Fotografías aéreas de la zona Caribe, en Caraballeda, muestran un sinfín de orificios circulares y toldos improvisados con tela para protegerse del sol, tal como se observa en los yacimientos mineros.

“Si no hubiésemos ayudado nosotros a perforar, los familiares igual lo habrían hecho, solo que iban a demorar mucho más”, comentó Felipe Rodríguez.

El riesgo continúa

FOTO DE ARCHIVO- Una bandera venezolana ondea junto a un edificio dañado, tras los mortíferos terremotos del 24 de junio, en La Guaira (Venezuela), el 6 de julio de 2026
REUTERS/Gaby Oraa
FOTO DE ARCHIVO- Una bandera venezolana ondea junto a un edificio dañado, tras los mortíferos terremotos del 24 de junio, en La Guaira (Venezuela), el 6 de julio de 2026 REUTERS/Gaby Oraa

Antes de ingresar, los mineros colocan cuñas de madera para estabilizar las estructuras y posteriormente descienden entre el concreto utilizando cuerdas, una técnica idéntica a la que emplean en los yacimientos.

Muchas de las estructuras colapsadas en las que aún este martes trabajan los mineros continúan sufriendo desplazamientos y, de acuerdo con bomberos y socorristas, son totalmente inseguras.

Una vez adentro, explican que para detectar la ubicación de las víctimas se guían por los indicios del terreno, la humedad y la presencia de moscas o gusanos; en cuanto hallan estas señales, avanzan en esa dirección.

Equipos de rescate trabajan en una zona afectada por los devastadores terremotos del 24 de junio en La Guaira, Venezuela, el 6 de julio de 2026
REUTERS/Gaby Oraa
Equipos de rescate trabajan en una zona afectada por los devastadores terremotos del 24 de junio en La Guaira, Venezuela, el 6 de julio de 2026 REUTERS/Gaby Oraa

Para los familiares de las víctimas, el apoyo ha sido crucial. “Nos llegó un grupo de mineros como de cinco personas a las que les debo todo. Son los que me han ayudado bastante a avanzar más de la cuenta, porque yo nunca había cargado un pico, una pala o una mandarria, yo no sé nada de eso”, comentó Juan Andrade, cuya familia y vecinos quedaron bajo los escombros.
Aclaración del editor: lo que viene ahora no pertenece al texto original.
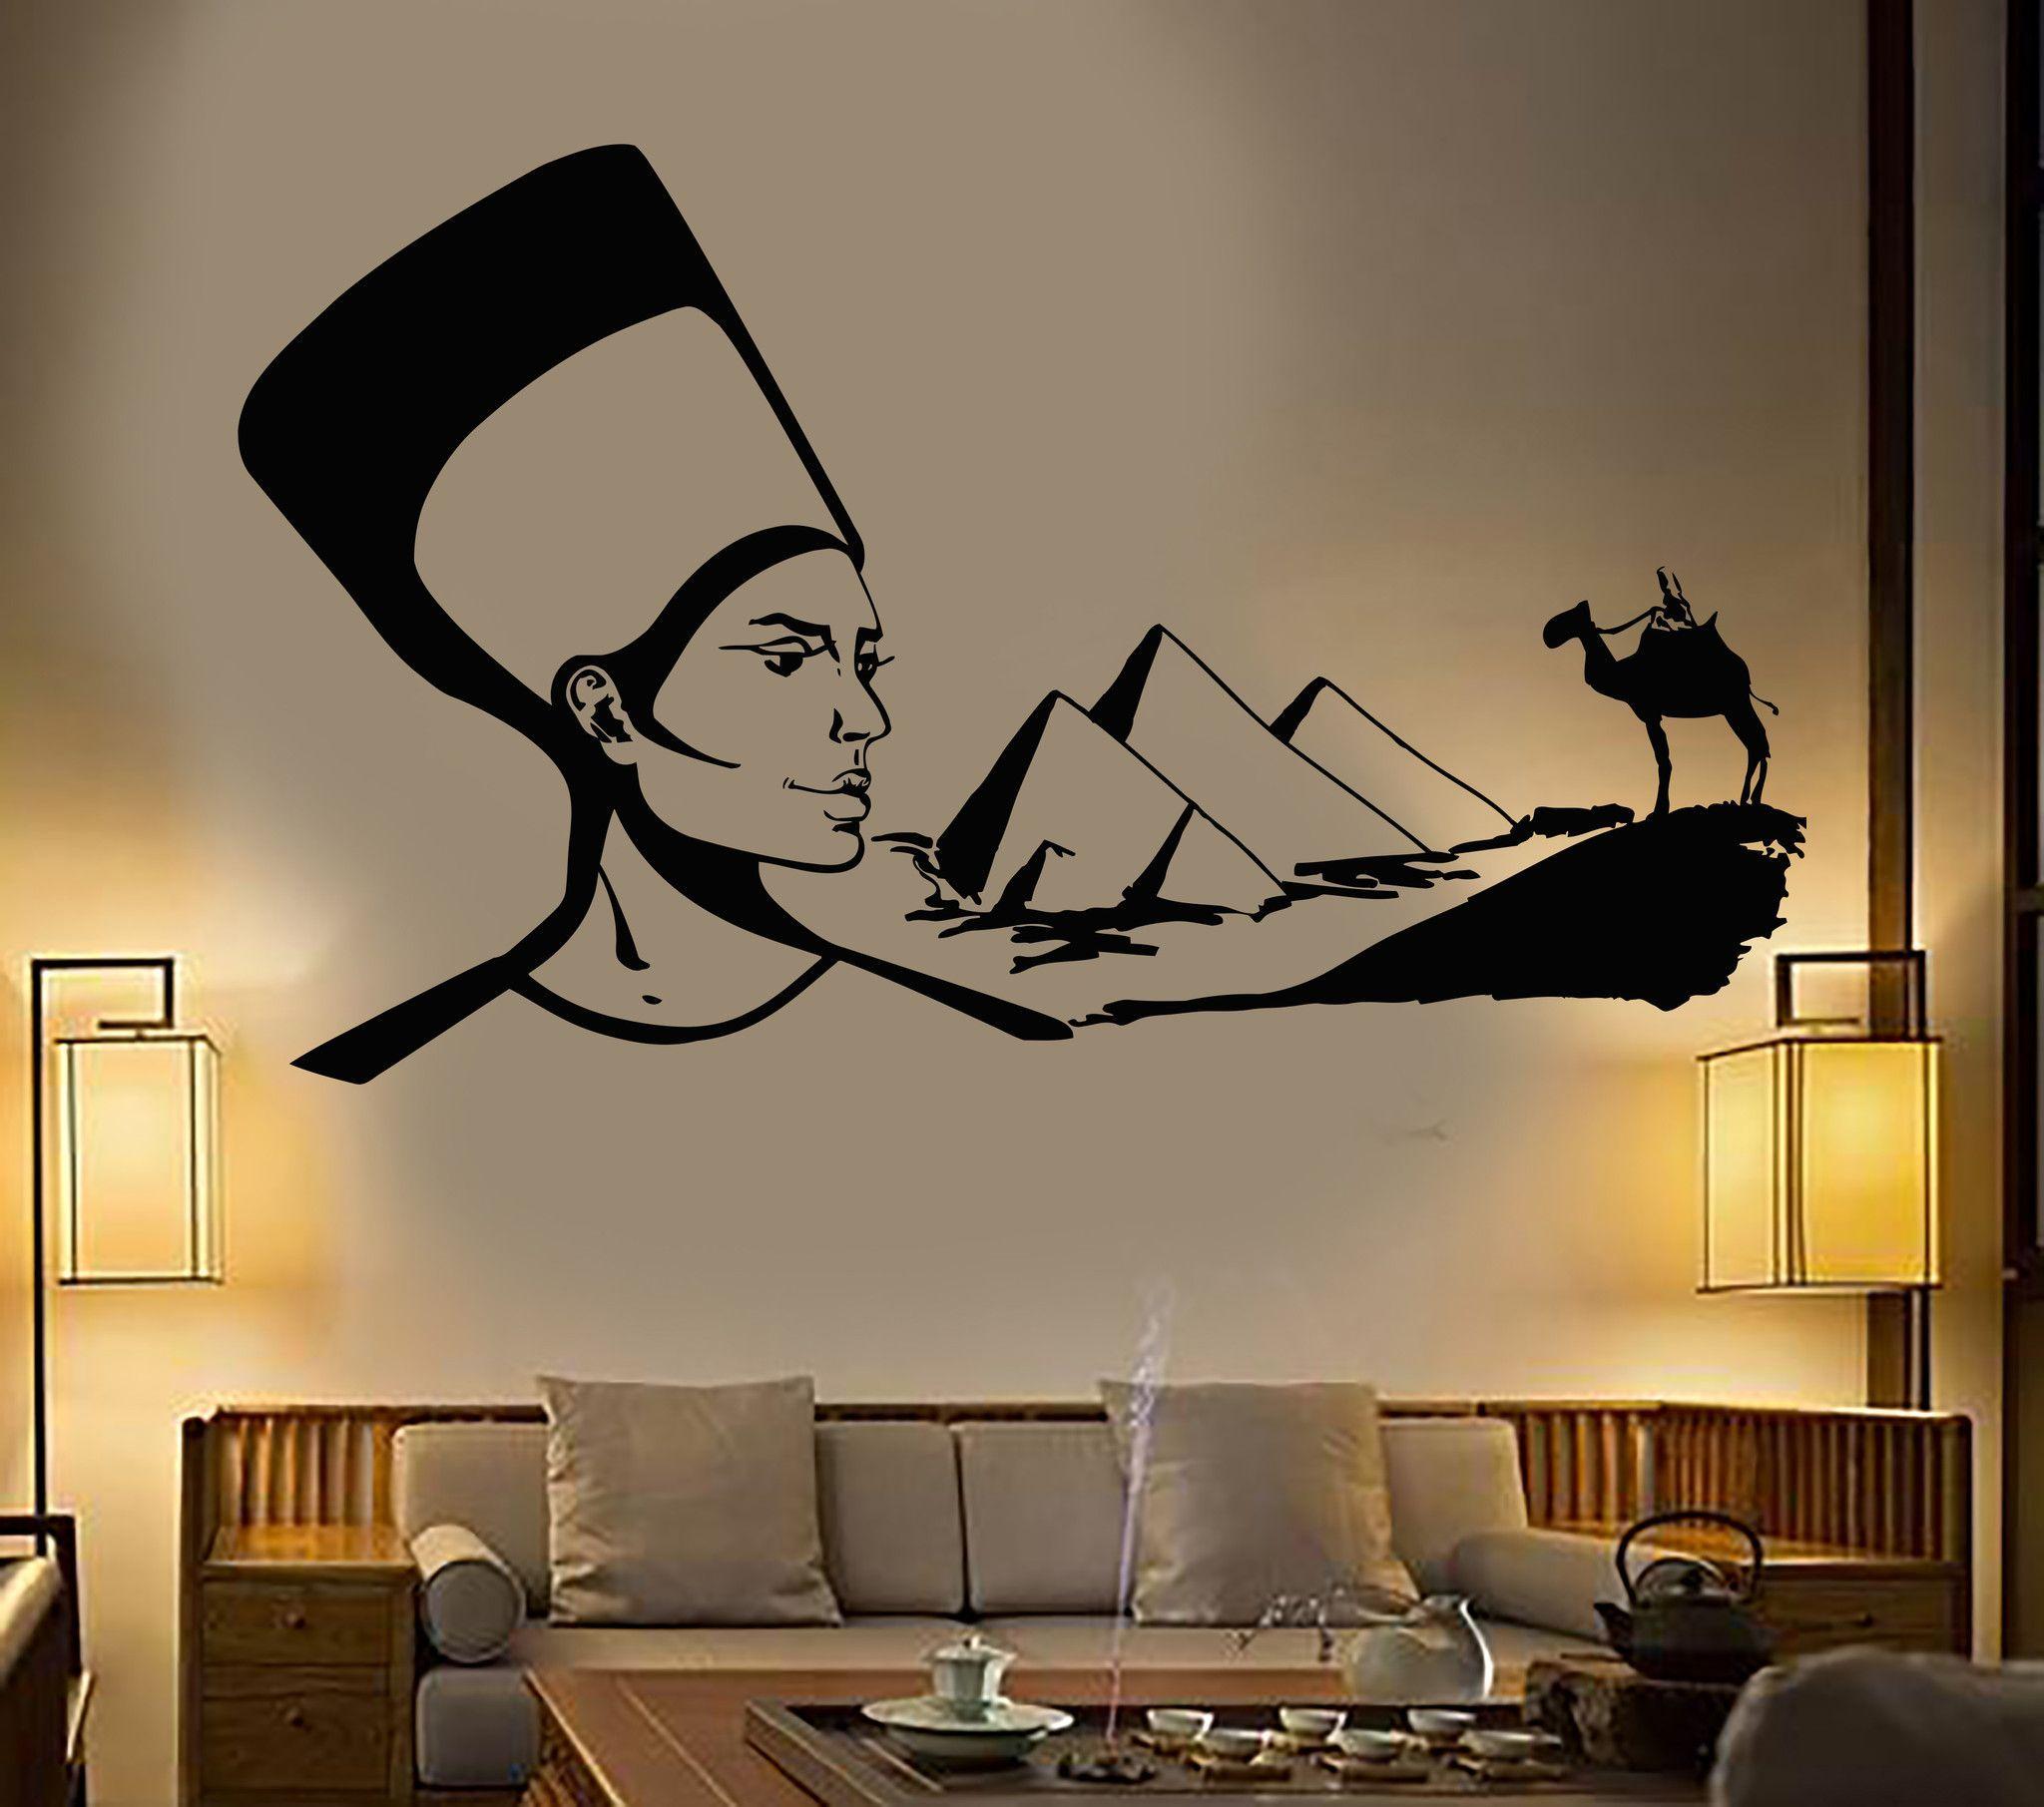 Vinyl Wall Decal Egypt Bedouin Desert Camel Cleopatra

En algunos edificios, la labor de búsqueda de cuerpos recae sobre sus hombros y los de los familiares, muchos de los cuales se oponen a las demoliciones, mientras los bomberos aportan sugerencias y apoyan la extracción de los cadáveres.

“Vamos poco a poco aportando nuestro grano de arena, sacando a nuestra gente de los escombros. Ya no contamos con las ayudas internacionales, ya no están aquí en este momento; estamos nosotros, un grupo de mineros”, sentenció Wilmer Mata, de 32 años.

Tras casi dos semanas del terremoto, aún se desconoce la cifra de desaparecidos. De acuerdo con el reporte oficial, al menos 3.535 personas han muerto y 16.740 resultaron heridas.

Por su parte, la iniciativa ciudadana ‘Desaparecidos Terremoto Venezuela’ ha registrado hasta ahora más de 30.000 personas a las que no se han podido localizar.